#### [Supplied information]
▶

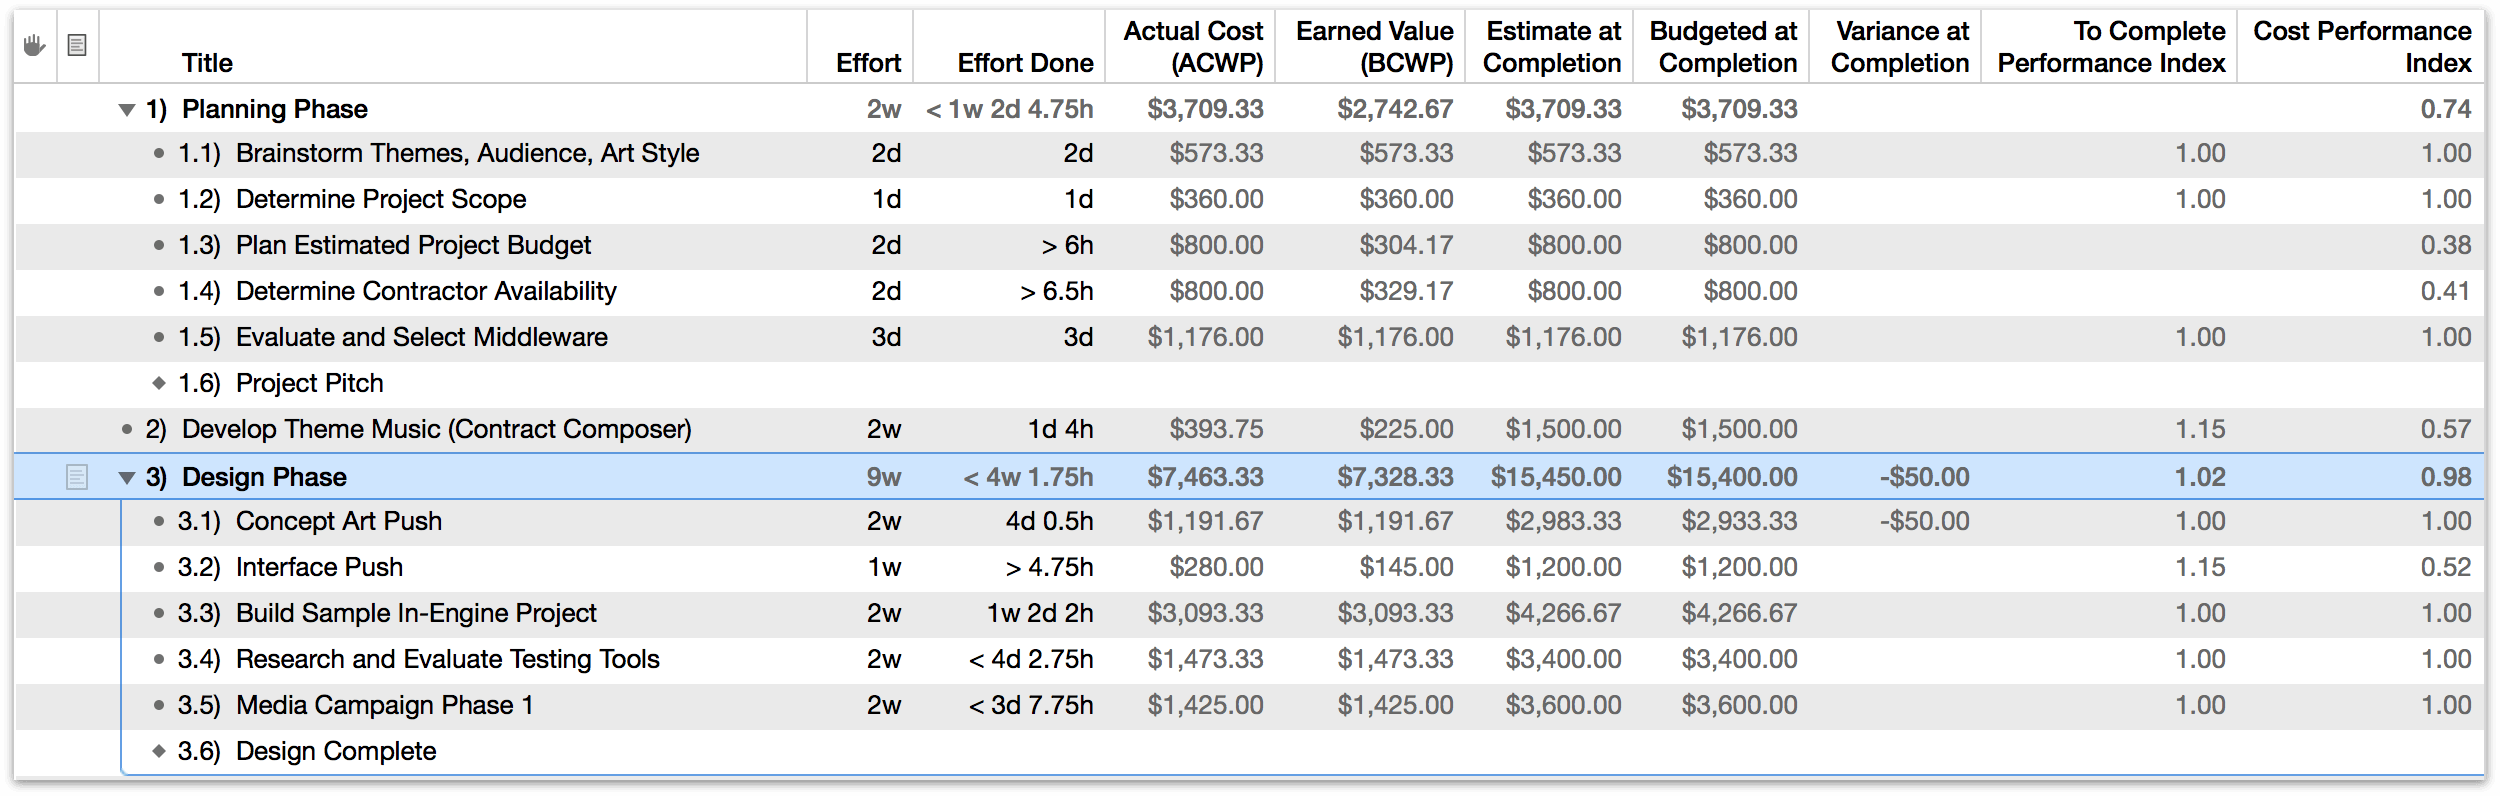 Earned Value Analysis columns related to task completion.
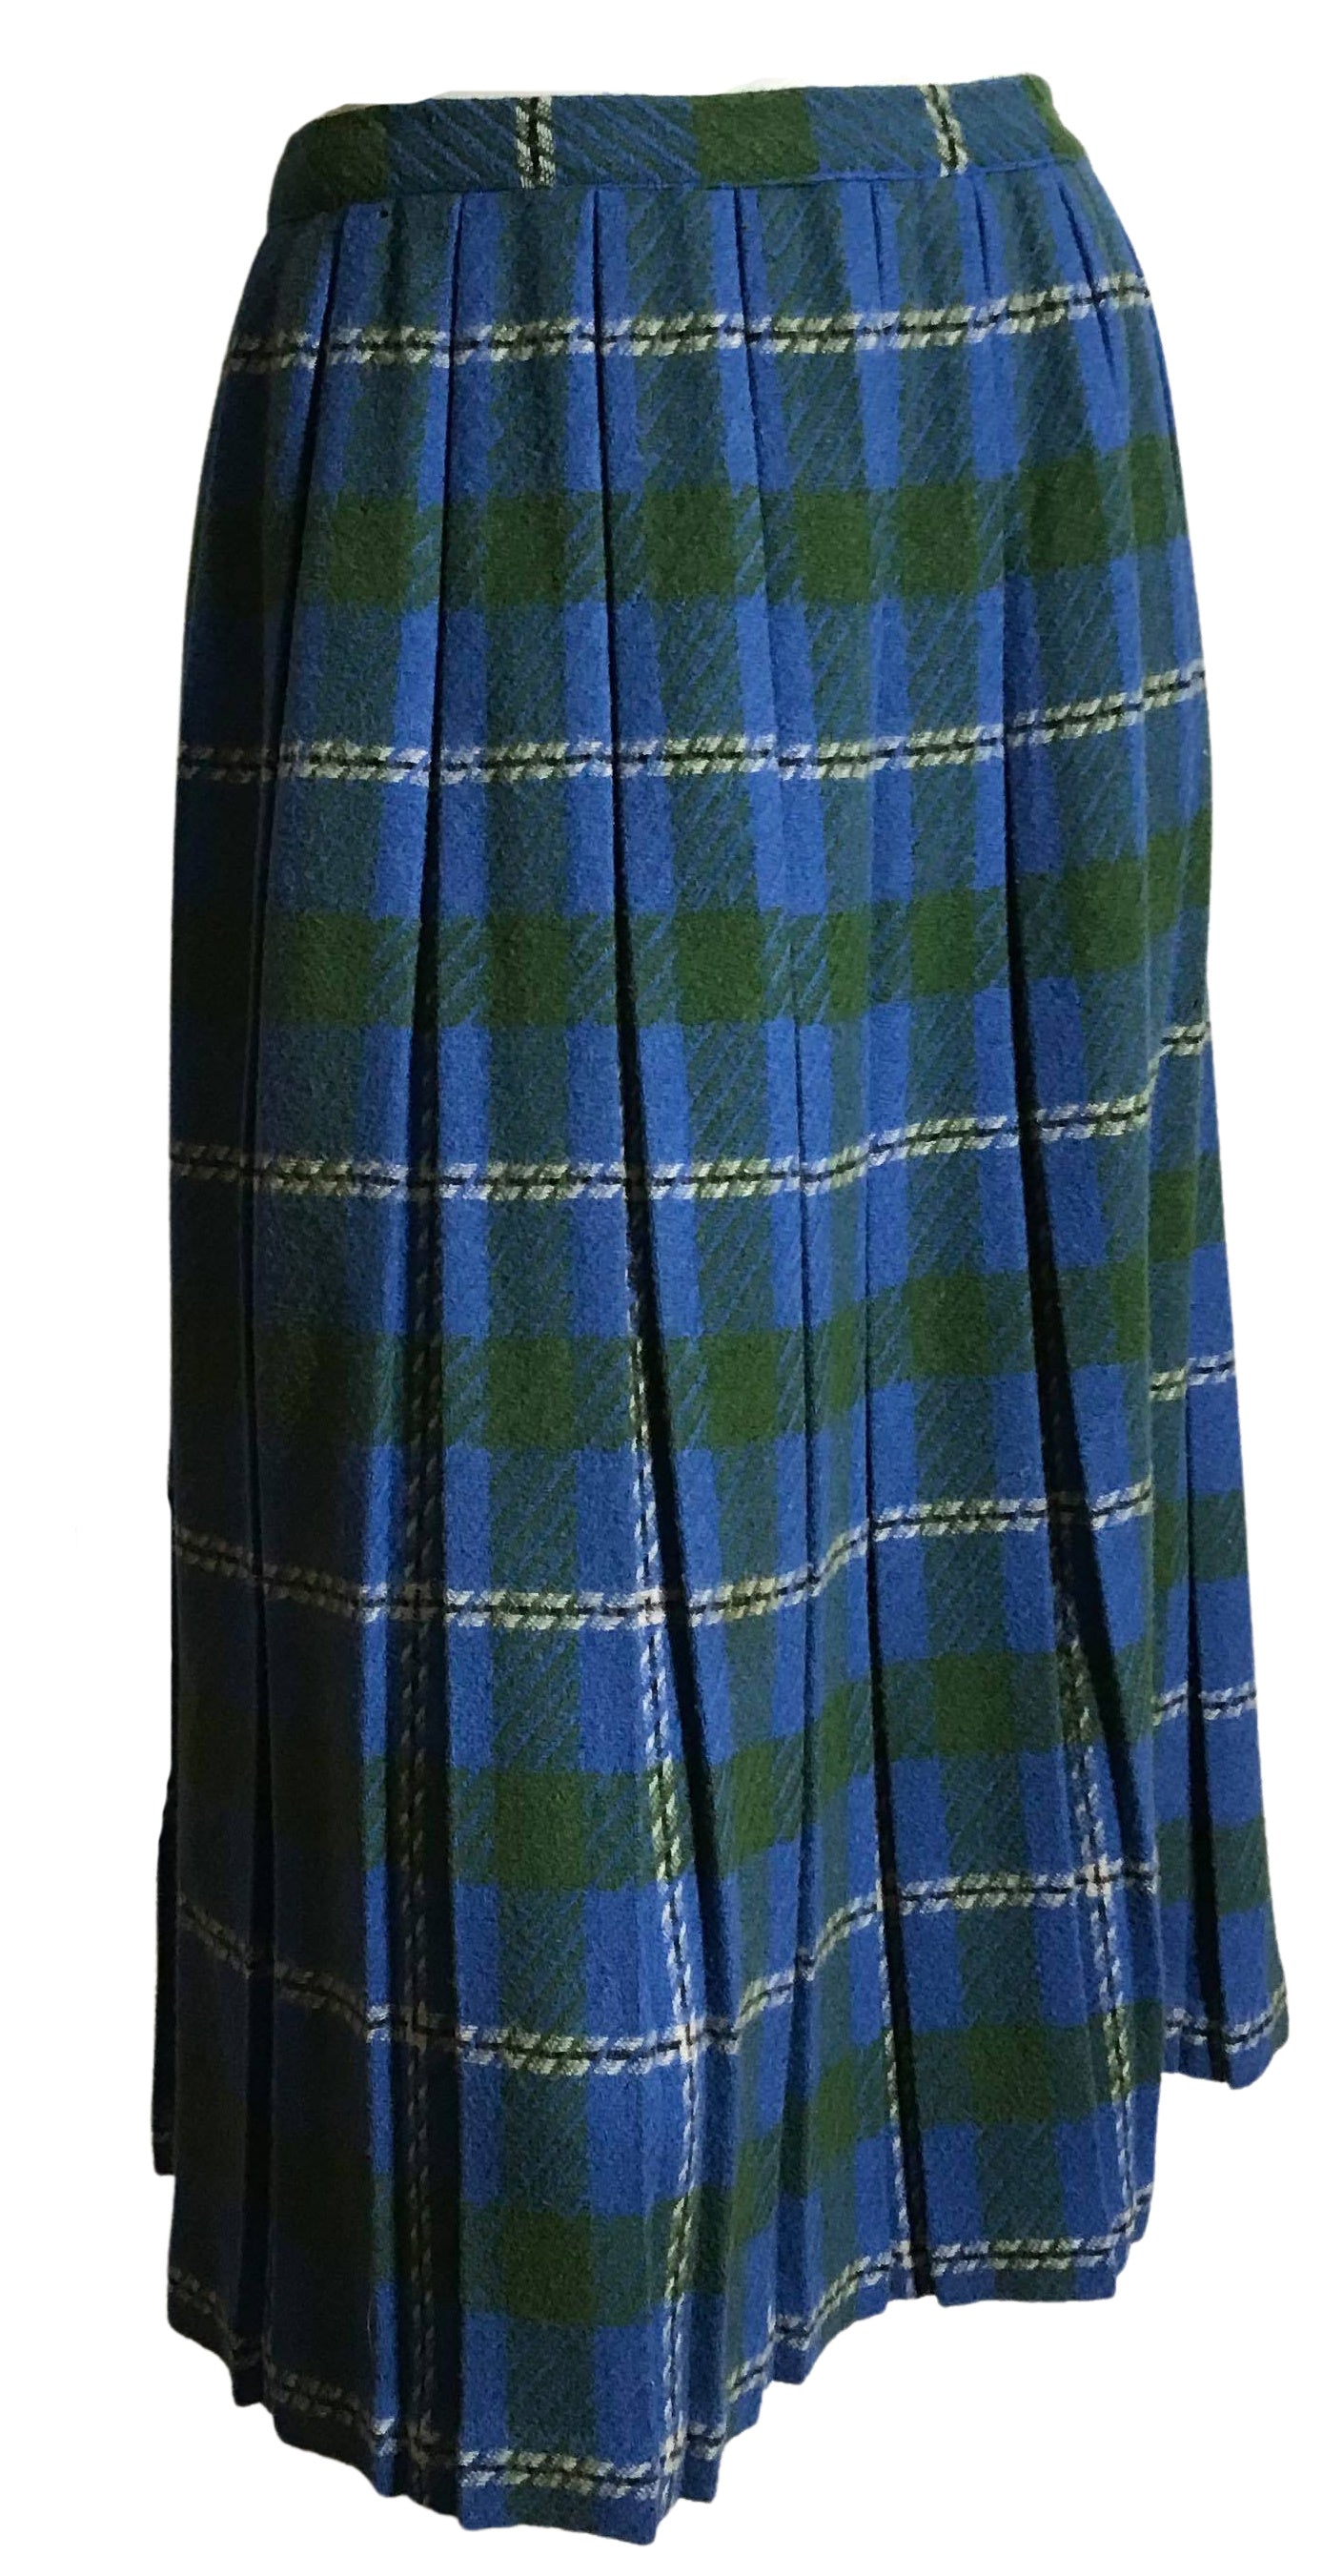 Olive Green and Blue Pleated Wool Skirt circa 1940s
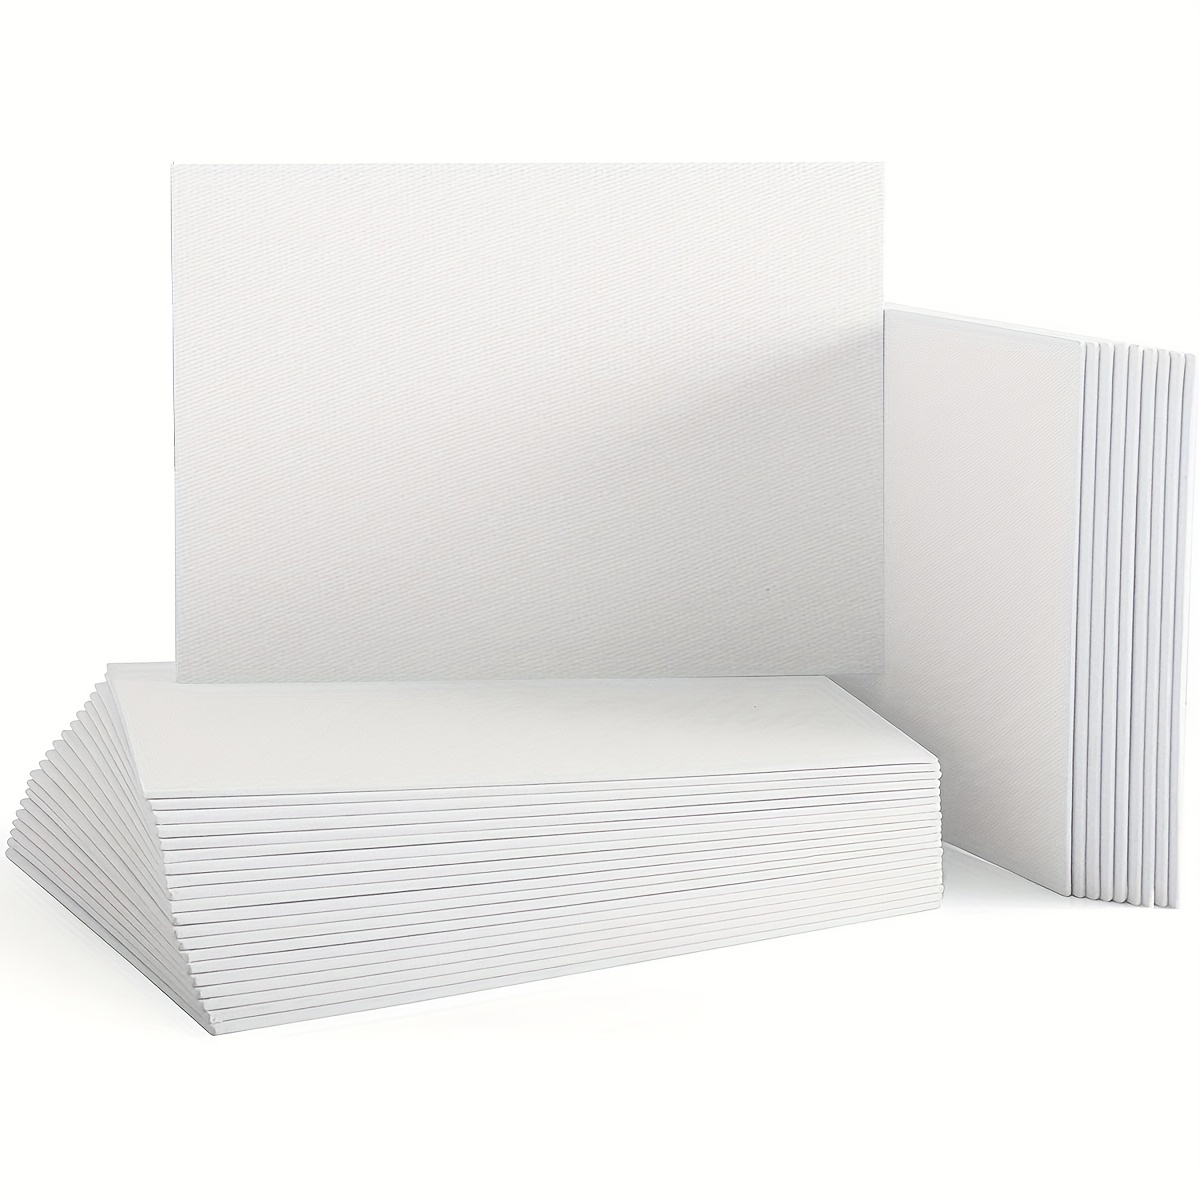 Pack of 4 Stretched Canvas for Painting 9x12 inch,24x30cm Primed White 100%  Cotton Artist Blank Canvas Boards 8 oz Gesso-Primed

◀

#### [What the task requires]
Quote each line of the listing exactly, but leave the pictures out.

#### [Output below]
 Earned Value Analysis columns related to task completion.
 Olive Green and Blue Pleated Wool Skirt circa 1940s
 Pack of 4 Stretched Canvas for Painting 9x12 inch,24x30cm Primed White 100%  Cotton Artist Blank Canvas Boards 8 oz Gesso-Primed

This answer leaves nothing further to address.